Seven deadly sins of statistics and how to avoid them
今天统计部门的领导在PiCR课上给我们讲了如何规避统计分析中的7个陷阱。废话不多说，直接上干货。
Sin 1: Using uninformative or misleading plots**
How to avoid:

Be critical what plots you use: can the reader extract all necessary information?

Don’t use bars representing the mean with whiskers representing? SD? SEM?

Use Dotplots for small data sets.

Use Boxplots if you have enough data points.
Sin 2: Ignoring the hierarchical structure of data**
How to avoid:

Be aware of multiple levels on experiments (like concentration gradients).

Technical replicates are generated to account for technical variability.
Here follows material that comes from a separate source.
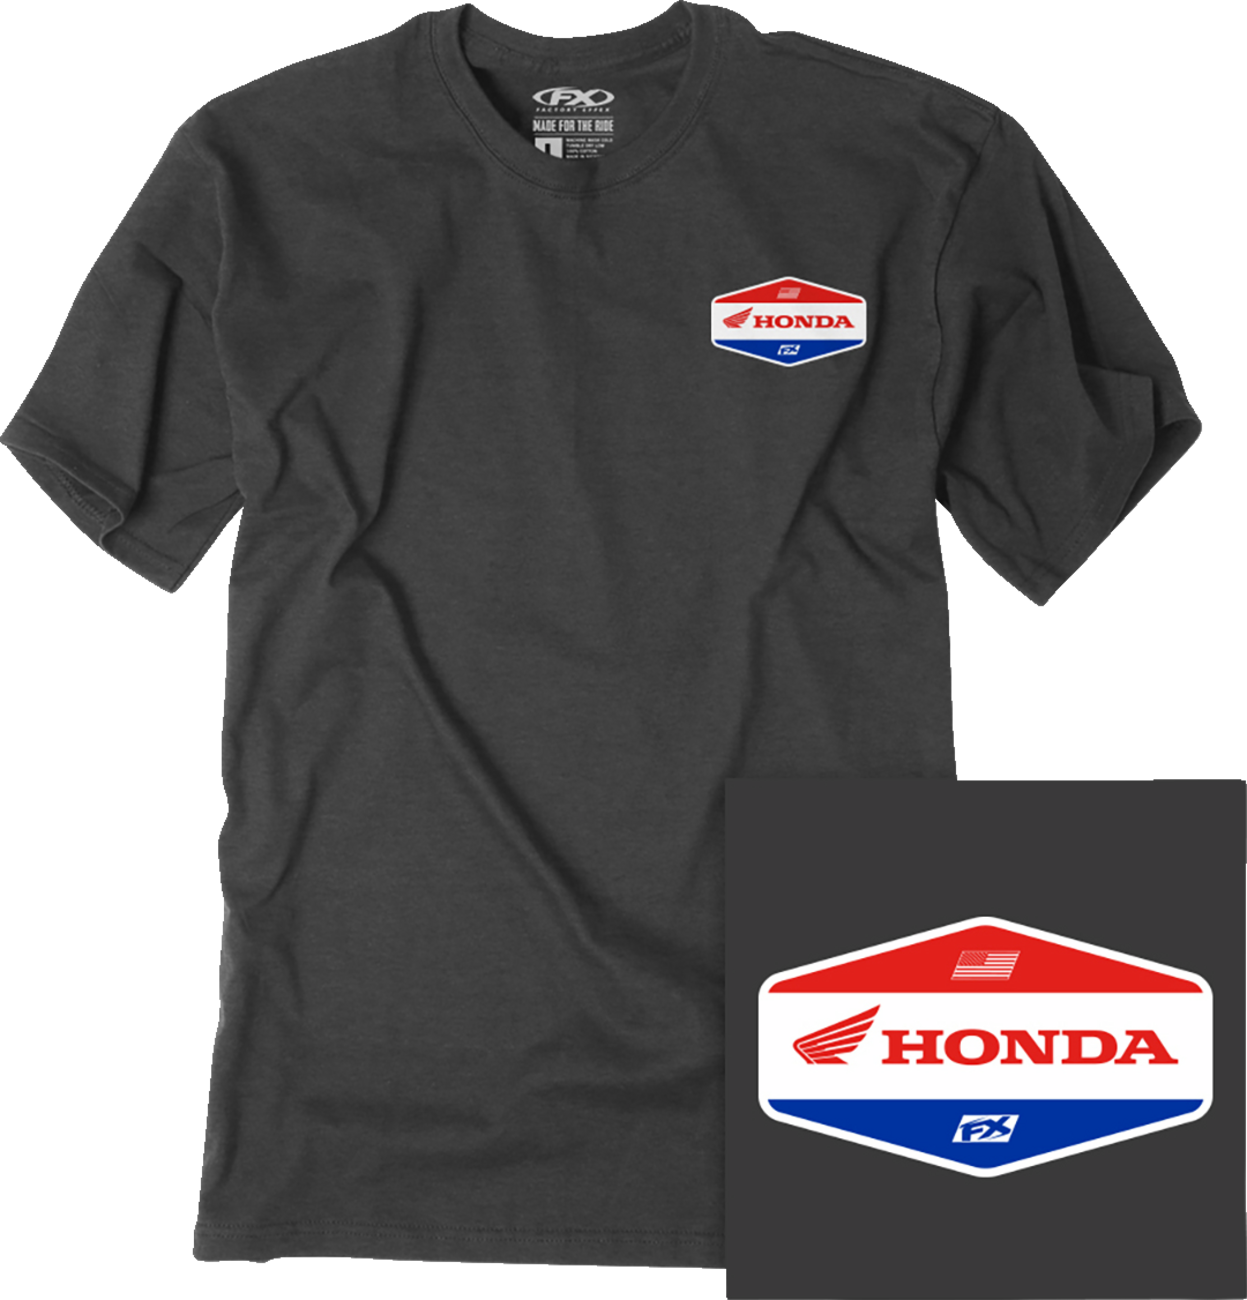 FACTORY EFFEX Honda Stadium T-Shirt - Heather Charcoal - Large 27-87334

Technical variability is typically not the focus of interest.

Biological replicates are necessary to obtain information about biological variability.

Choose appropriate statistical analysis method for the evaluation of multilevel data:

Mixed effects models (statistically challenging)

Substitute in case of technical replicates of biological replicates:
 average technical replicates for every biological replicate.

Sin 3: State that you proved the null hypothesis
How to avoid:
Type I error: False positive
Type II error: False negative

Type I error probability is selected by investigator.

Type II error probability is unknown. It depends on unknown truth (What’s the real difference? How much variability?)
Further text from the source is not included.